Comparing the frequency of proliferating T cells upon alloreactive stimulation between LN and PB showed no differences except for CD8⁺CD28^null T cells within proliferating CD8⁺ T cells. Median frequency of these cells within LN amounted to 0.3%, while this was 2.9% within PB (p = 0.037), which is probably due to the higher presence of these cells within PB compared with LN.

Polyclonal stimulation with PHA induced >95% proliferation of CD4⁺ T cells and CD8⁺ T cells from both compartments, although this response was significantly higher in CD4⁺ and CD8⁺ T cells from LN (p = 0.037 for both subsets). The functional assays could not be performed in all patients as the yield of cells from the LN was not sufficient enough in some cases. For this reason, the number of patients with EAR included in this part of the study was too low (n = 3) for adequate comparison with patients without EAR.

In conclusion, the alloreactive potential is not different between T cells from LN and PB, but T cells from LN show a slightly higher proliferative potential in response to PHA.

Frequency of IFN-γ-producing LNMCs increased significantly after allogeneic stimulation (p = 0.034), while a similar tendency was seen for PBMCs (p = 0.083). However, median amount of spots remained low after allogeneic stimulation (3.5/1 × 10⁵ for the LN and 6/1 × 10⁵ for the PB).

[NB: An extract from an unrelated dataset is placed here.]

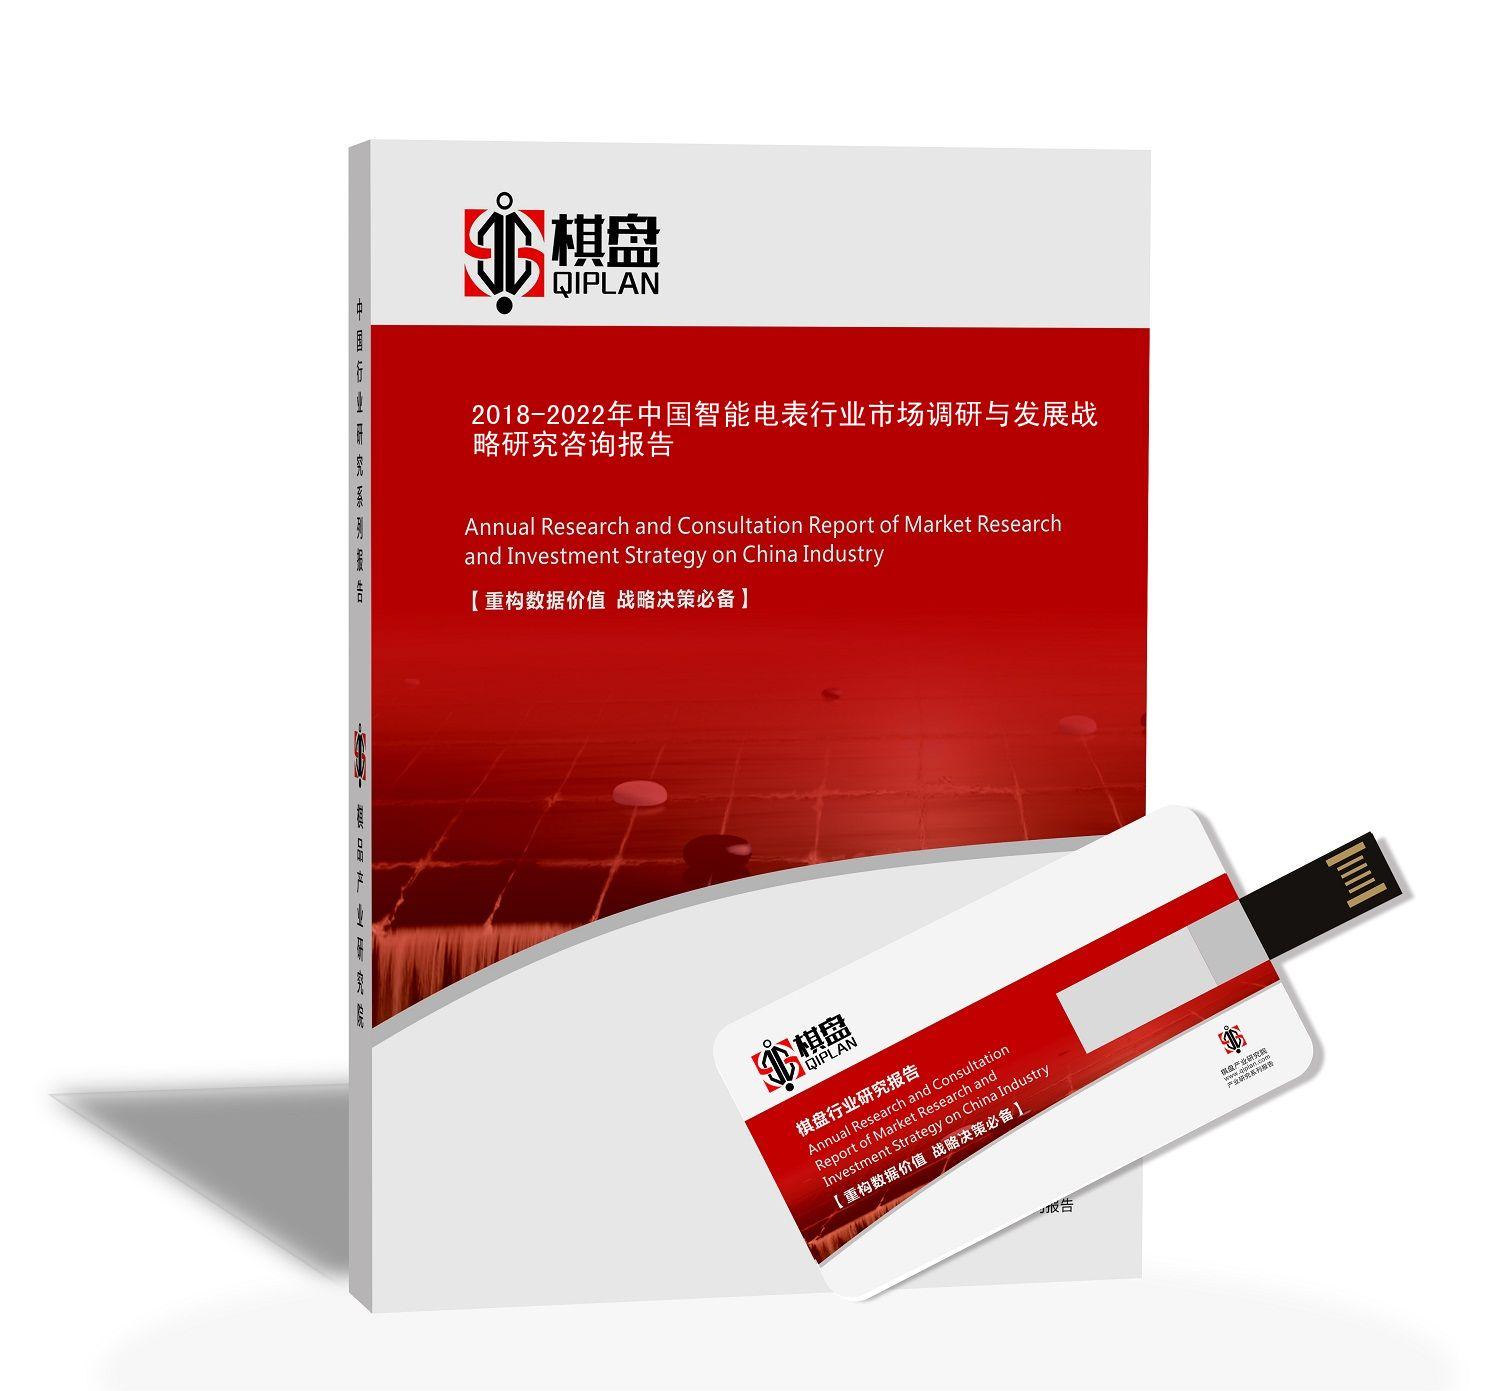 2018-2022年中国智能电表行业市场调研与发展战略研究咨询报告

Furthermore, there were no significant differences between the two different compartments after allogeneic stimulation (Figure 5A). Stimulation with PHA showed a significantly higher IFN-γ secretion by PBMCs compared with T cells within LNMCs (256/1 × 10⁵ vs. 126/1 × 10⁵, p = 0.047).

After allogeneic stimulation of LNMCs and PBMCs for 6 days, concentrations of TNF-α, IFN-γ and granzyme B in the supernatants were significantly increased. LNMCs had a lower production of TNF-α (p = 0.065) (Figure 5B), IFN-γ, and granzyme B compared with PBMCs (p = 0.020 and p = 0.049, respectively) (Figures 5C,D). Interestingly, amount of IFN-γ spots after allogeneic stimulation for 1 day correlated significantly with production of IFN-γ by LNMCs as well as PBMCs after 6 days (ρ = 0.88, p = 0.001 and ρ = 0.64, p = 0.048, respectively).

Thus, production of TNF-α, IFN-γ, and granzyme B by LNMCs and PBMCs increases after allogeneic stimulation. However, generation of these products is lower by LNMCs than by PBMCs.